5. Het standpunt van de gerechtsdeurwaarder
De gerechtsdeurwaarder heeft gemotiveerd de klacht van klager weersproken.
6. De beoordeling
6.1. Allereerst wordt vastgesteld dat [A], de broer van klager, zelf geen rechtstreeks belang heeft in deze tuchtprocedure. Voor zover de klacht door hem, [A], zou zijn ingediend, zou hij daarin niet-ontvankelijk zijn. Ter zitting heeft hij echter verklaard als gemachtigde van zijn broer [A.P.] op te treden. Het hof beschouwt [A.P.] wel als rechtstreeks belanghebbende. Deze is in zijn klacht dan ook ontvankelijk. Hiermee is in de aanhef van de beslissing reeds rekening gehouden.
6.2. Het hof stelt, evenals de kamer, voorop dat het opmaken van een proces-verbaal van constatering geen ambtshandeling is in de zin van artikel 2 van de Gerechtsdeurwaarderswet (Gdw). Artikel 2 Gdw bevat een limitatieve opsomming van taken waarmee een gerechtsdeurwaarder bij of krachtens de wet belast is. Hieronder valt niet het opmaken van een proces-verbaal van constatering; deze handeling wordt op grond van artikel 20 lid 1 onder e Gdw aangemerkt als een toegestane nevenwerkzaamheid.

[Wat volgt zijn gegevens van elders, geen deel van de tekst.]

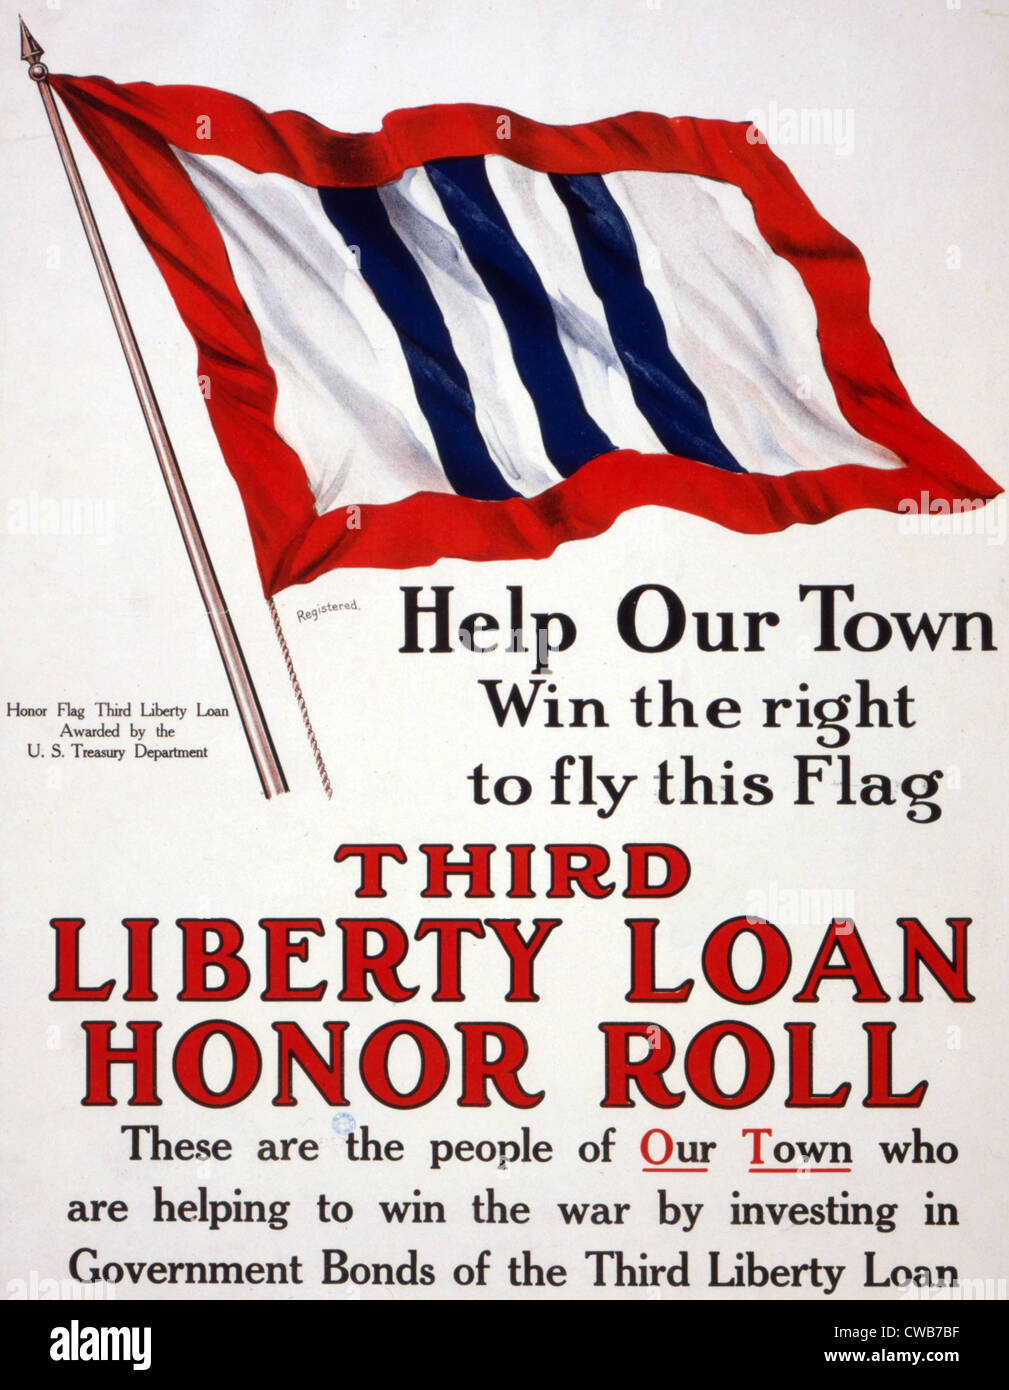 La Première Guerre mondiale, Affiche - aider notre ville gagne le droit de brandir ce drapeau - Troisième liberté d'honneur prêt - décernée par le U.S. Banque D'Images

De gerechtsdeurwaarder dient weliswaar deze nevenwerkzaamheden in goede en onafhankelijke vervulling van zijn ambt te verrichten, maar het staat de gerechtsdeurwaarder vrij hieraan zijn eigen invulling te geven.
6.3. Naar het oordeel van het hof heeft de gerechtsdeurwaarder, waar het betreft de klachtonderdelen 1, 2 en 3, niet onjuist gehandeld. Voor het opmaken van een proces-verbaal van constatering gelden geen wettelijke vormvoorschriften. De omstandigheid dat de gerechtsdeurwaarder in plaats van kleurenkopieën, zwart/wit kopieën van de foto’s aan de processen-verbaal heeft gehecht en hij de foto’s niet gedateerd heeft, is daarom niet tuchtrechtelijk laakbaar.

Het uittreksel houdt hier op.